Zum Abschluss sei gesagt: Sozialem Protestantismus geht es um die Teilhabe der Menschen – um „Gerechte Teilhabe“, um es mit dem Titel unserer letzten Denkschrift zu sagen, an den Möglichkeiten der Gesellschaft. Das umfasst elementare Lebensrechte, den Schutz vor Lebensrisiken – aber auch die Wahrnehmung politischer und kultureller Partizipation. Gerechte Teilhabe ist auf diese Weise ein anspruchsvolles Konzept: es geht um weit mehr als nur um das, was man herkömmlich als Bekämpfung von Armut begreift. Das Ziel ist die gleichberechtigte Integration der Bürger als selbstverantwortliche und für sich selbst Sorgende, die ihre Kräfte zum Wohle aller einsetzen. Das ist die Vision des sozialen Protestantismus. Sie ist, wenn sie so wollen, eine liberale Vision – aber eine, die die sozialen Voraussetzungen der Realisierung der Freiheit jedes einzelnen nicht vergisst sondern in den Vordergrund stellt. Ohne soziale Sicherheit, dem Schutz vor den sozialen und gesundheitlichen Lebensrisiken, bleibt Teilhabe auf wenige Reiche begrenzt.

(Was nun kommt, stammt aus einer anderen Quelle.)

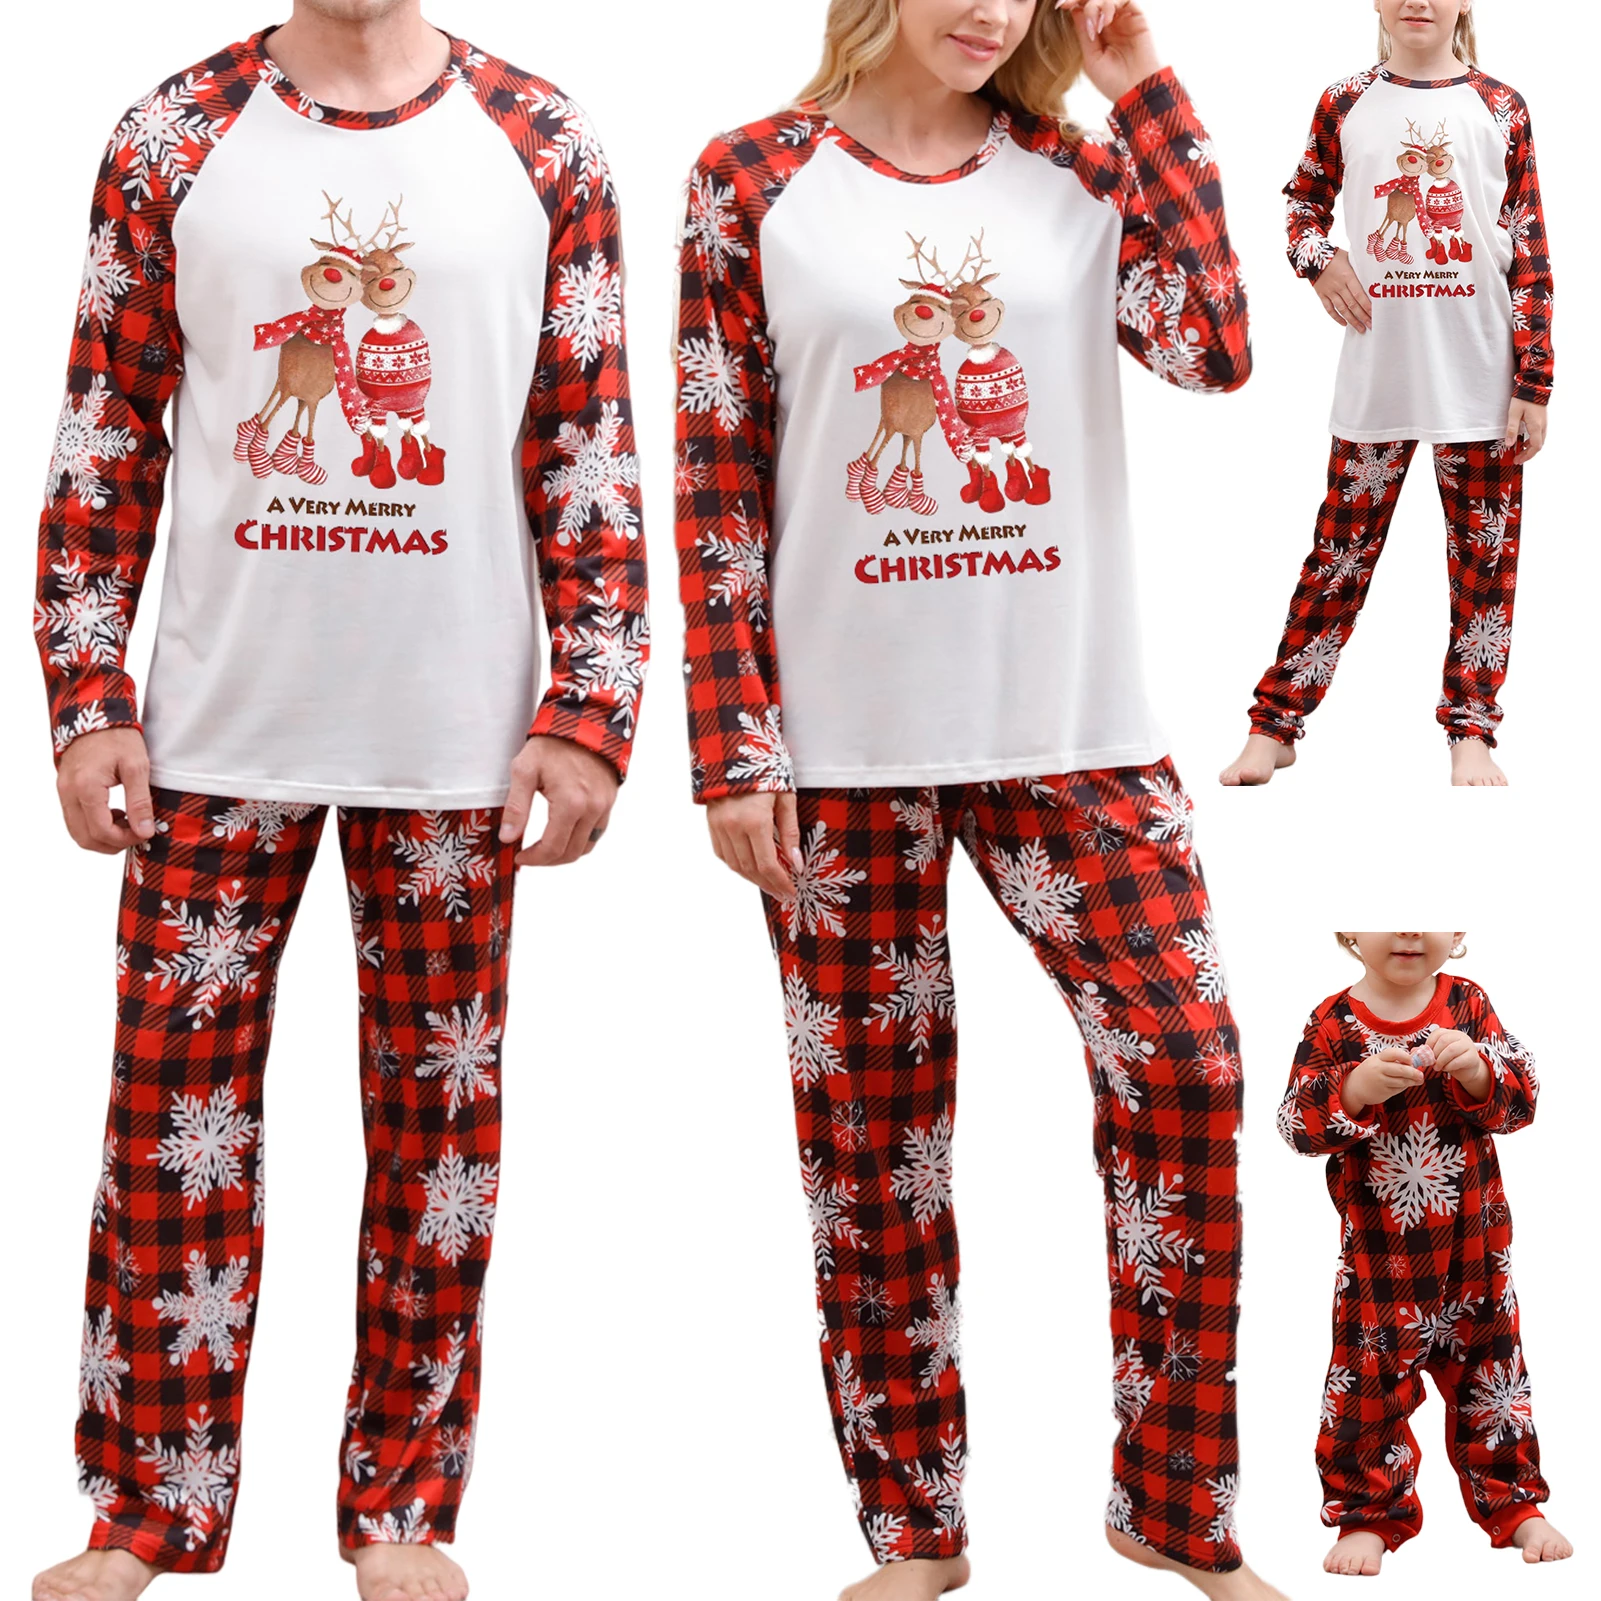 Комплекты рождественских пижам для всей семьи с красными мишками для мамы и детей, детская одежда для сна, рождественская пижама, домашняя одежда, детские пижамы

        Damit alle Chancen haben, auch in höchste Positionen aufsteigen zu können, braucht es vor allem ein befähigendes und den einzelnen stärkendes Bildungswesen, das sozial Schwächere erkennbar fördert. Die Wirtschaftsordnung muss so gestaltet sein, dass sich in ihr eine faire Kooperation aller vollziehen kann, die Leistung belohnt und nicht nur Erfolg. Da wichtigste Mittel hierzu ist ein funktionierender und Fairnessregeln unterliegender Wettbewerb. Ökonomische Macht muss kontrolliert werden, nicht zuletzt auch damit es unternehmerische Freiheit gibt und Unternehmer nicht zu Getriebenen werden, die gar nichts mehr unternehmen können. Aber alle Chancengleichheit kommt an ihre Grenzen, und die Ungleichheiten würden explodieren, wenn es nicht immer wieder Korrekturen vor allem an den Vermögensverhältnissen gibt. Deswegen stehe ich eine Erhöhung der Erbschaftssteuer positiv gegenüber.

        Die Armuts-Denkschrift hat die uns leitenden Wertentscheidungen folgendermaßen zusammengefasst: „Eine gerechte Gesellschaft muss so gestaltet sein, dass möglichst viele Menschen in der Lage sind, ihre jeweilige Begabungen sowohl zu erkennen, als auch sie auszubilden und schließlich produktiv für sich selbst und andere einsetzen zu können. Eine solche Gesellschaft investiert folglich, wo immer es geht, in die Entwicklung der Fähigkeiten der Menschen zu Gestaltung ihres eigenen Lebens sowie der gesamten Gesellschaft in ihren sozialen und wirtschaftlichen Dimensionen.“ Jeder und jede soll seine Fähigkeiten zur möglichst eigenverantwortlichen Sicherung des Lebensunterhalts und im Interesse aller solidarisch einsetzen – und muss dies auch können.

        Hinter diesem Leitbild einer teilhabegerechten Gesellschaft steht die Überzeugung, dass Menschen von Gott dazu berufen sind, ihr Leben für sich selbst und für andere einzusetzen. Dieses Motiv wird nicht nur von Christen und auch nicht nur von Protestanten ernst genommen und verfolgt. Aber sie sollten es auf jeden Fall tun.